Defense attorneys in the state case said Aldrich is nonbinary, and uses they/them pronouns and the federal plea agreement Aldrich signed also said that. However, a state prosecutor and some victims called that an effort to avoid responsibility for hate crimes.

Aldrich visited the club at least eight times before returning in a tactical vest and carrying an AR-15 style rifle, first killing a person in the entryway and then shooting at bartenders and customers before targeting people on the dance floor.

“The defendant was prepared to inflict the maximum amount of damage in the minimum amount of time,” Connaughty said, adding that Aldrich fired 60 rounds in less than a minute.
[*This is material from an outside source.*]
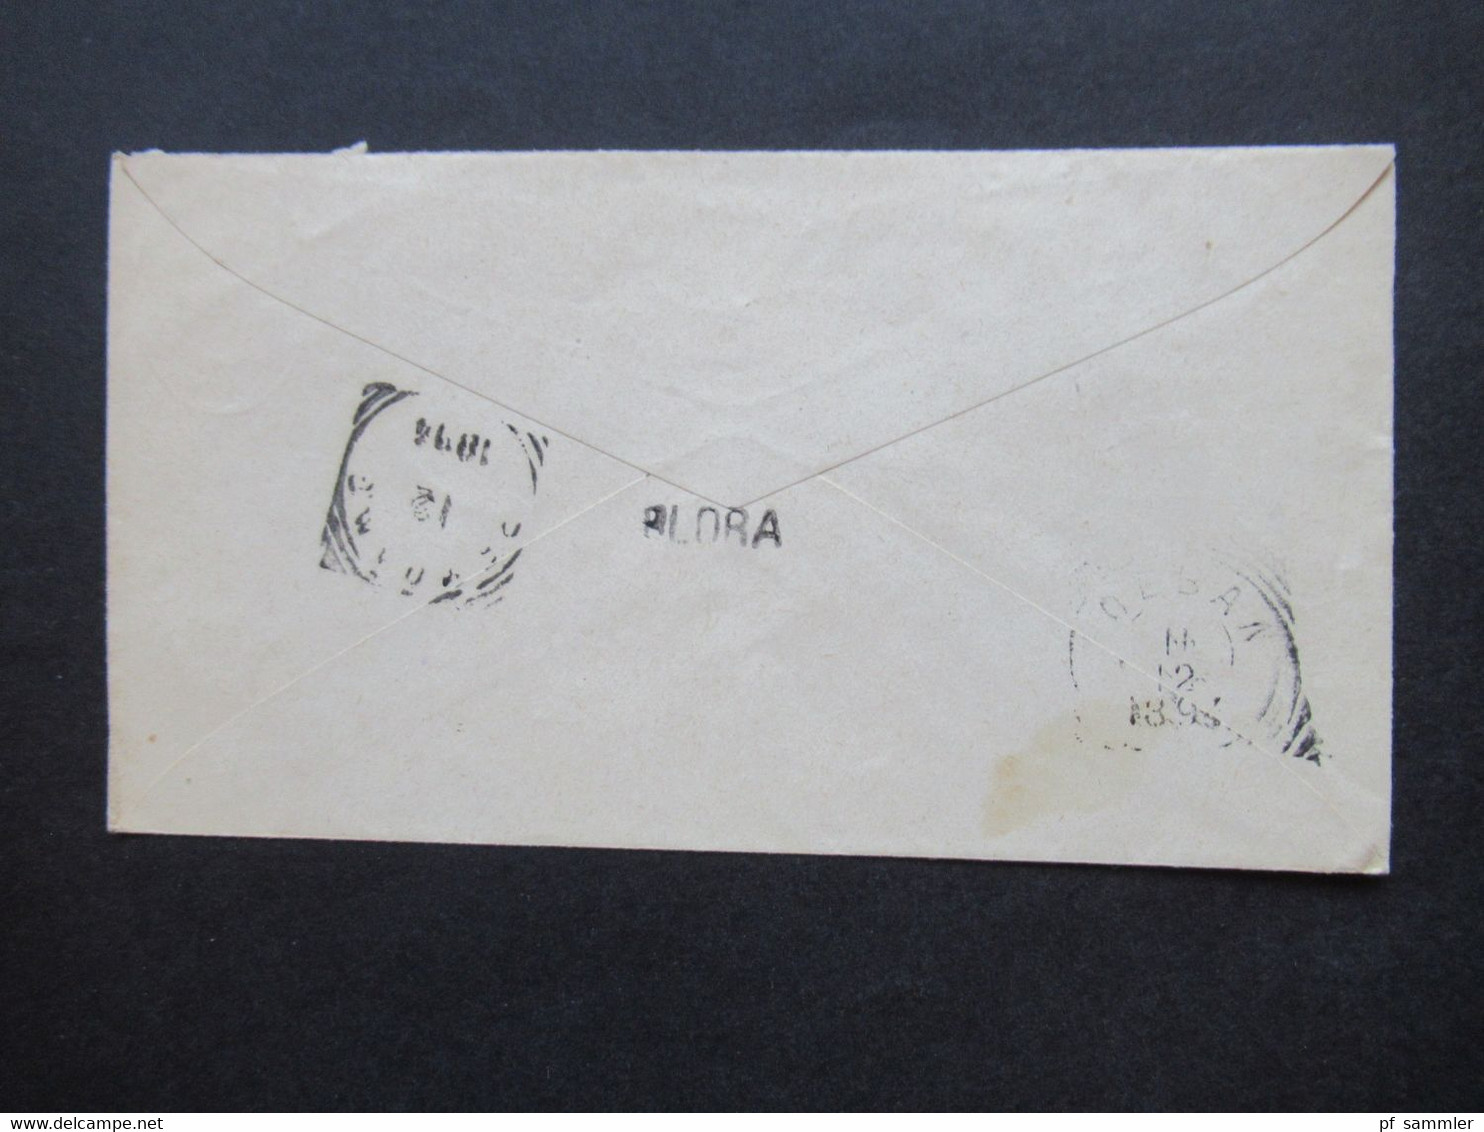 Niederländisch Indien 1894 GA Umschlag Mit 4 Stempeln U.a. Bodjonegoro Nach Blaza Gesendet Auslandsbrief - Netherlands Indies

A Navy service member, Thomas James, grabbed the rifle barrel, burning his hand, and an Army veteran, Richard Fiero, helped subdue Aldrich. Aldrich then shot James in the torso with a handgun and a third person, identified in state court as Drea Norman, stepped in to help keep Aldrich on the ground, according to the plea agreement.

There had been a chance to prevent such violence: Aldrich was arrested in June 2021, accused of threatening their grandparents and vowing to become “the next mass killer ″ while stockpiling weapons, body armor and bomb-making materials. But Aldrich’s mother and grandparents refused to cooperate, and prosecutors failed to serve subpoenas to family members that could have kept the case alive, so the charges were eventually dismissed.

Aldrich was sentenced Tuesday under the Matthew Shepard and James Byrd Jr. Hate Crimes Prevention Act, which expanded federal law in 2009 to include crimes motivated by sexual orientation, gender identity or disability.

“I’m sure the shooter thinks he took our spirit that night,” said Ed Sanders, who was shot in the back and leg. “You cannot destroy our community by killing individuals. You can’t kill our love and spirit.”